SK Bioscience said that the World Health Organization (WHO) has granted prequalification (PQ) certification for its Skycellflu, the first cell-cultured quadrivalent vaccine covering four strains of influenza viruses in the world.
|SK Bioscience's quadrivalent vaccine Skycellflu|
The company had been trying to receive approval since May last year.
Skycellflu does not require any antibiotics or preservatives as the company manufactures the vaccine using a state-of-the-art sterile incubator. As it does not use a fertilized egg to produce the vaccine, the treatment is safe for those who are allergic to eggs or sensitive to antibiotics, according to SK Bioscience.
“This is the first cell-cultured quadrivalent vaccine that received PQ certification,” the company said. “Even in the case of fertilized egg-cultured vaccines, there are only three quadrivalent flu vaccines with PQ certification, except for Skycellflu.”
Through its PQ process, the WHO certifies the safety and efficacy of a vaccine, as well as its manufacturing process, quality and clinical results. To receive PQ certification, companies must pass rigorous procedures such as the review of technical documents with clinical and quality data, sample quality testing, factory good manufacturing practice installation, and management-level inspection.

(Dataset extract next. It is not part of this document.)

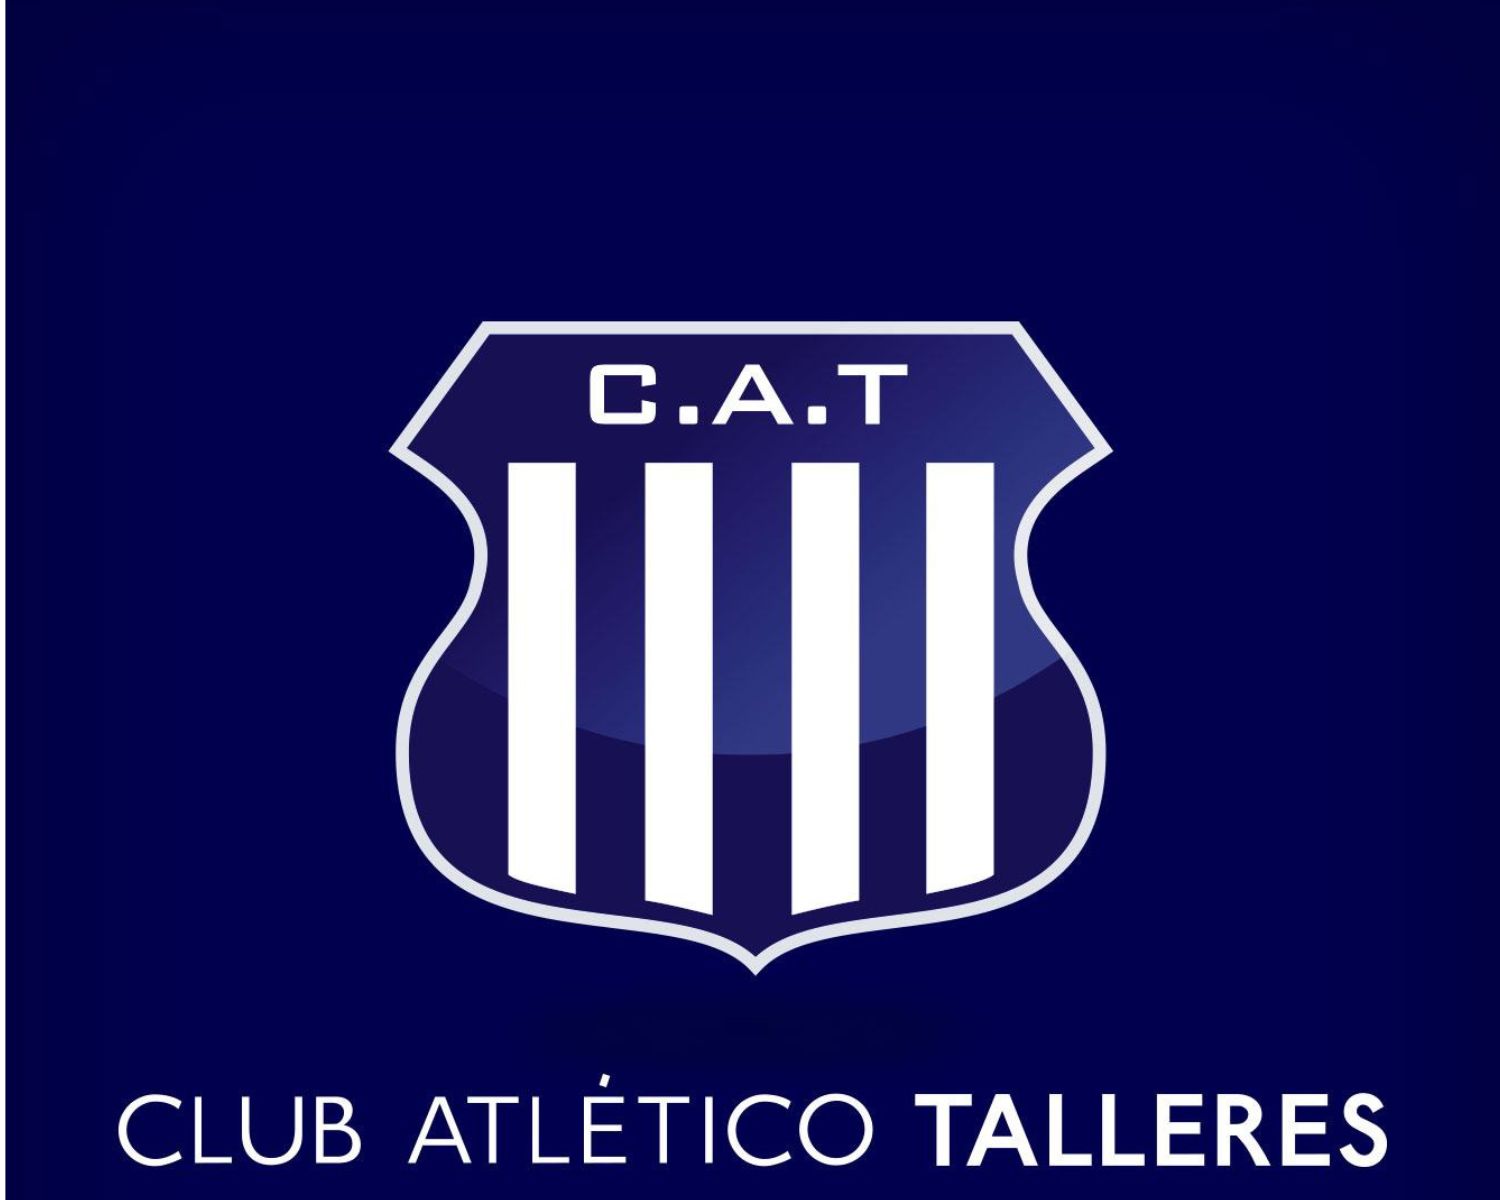 ca-talleres-23-football-club-facts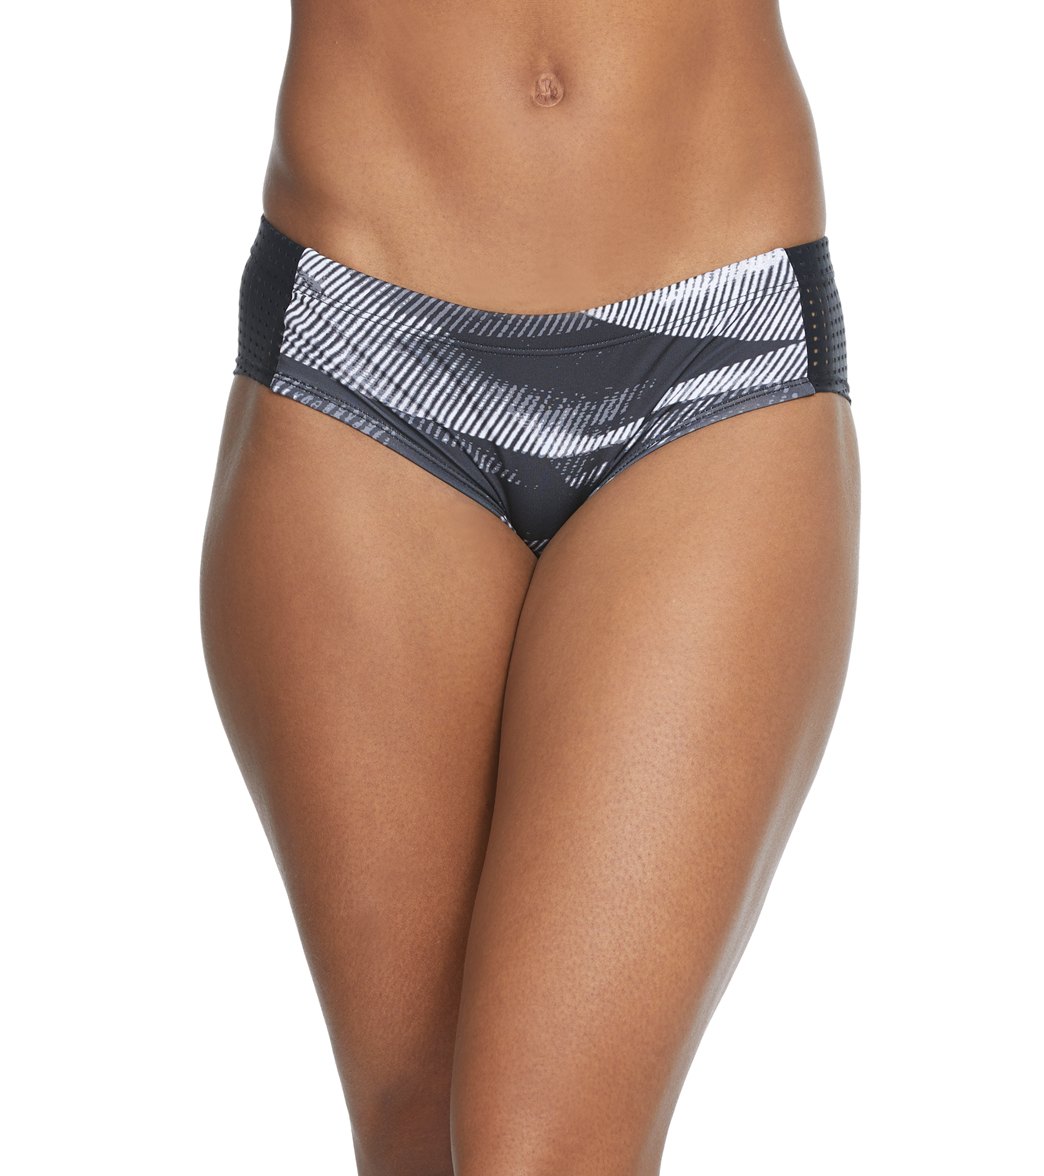 Nike Lineup Bikini Bottom - Black Small Polyester/Spandex - Swimoutlet.com

“Given that it usually takes about a year and six months to finalize the certification, the company has managed to shorten the approval process by about 10 months,” the company said. “Companies that have obtained PQ certification are eligible to participate in international bids organized by various U.N. agencies, including UNICEF, as well as the Pan American Health Organization (PAHO).”
According to SK Bioscience, the amount of chickenpox vaccine bid for PAHO was estimated at around $70 million in 2019.
With the approval, the company plans to participate actively in the global procurement market.
“The company has confirmed the possibility of globalizing local vaccines by securing three PQ certifications in a single year, including trivalent flu vaccine and chickenpox vaccine,” SK Bioscience CEO Ahn Jae-yong said. “As the global paradigm of flu vaccines is shifting to quadrivalent, our company will be able to enter overseas markets more aggressively.”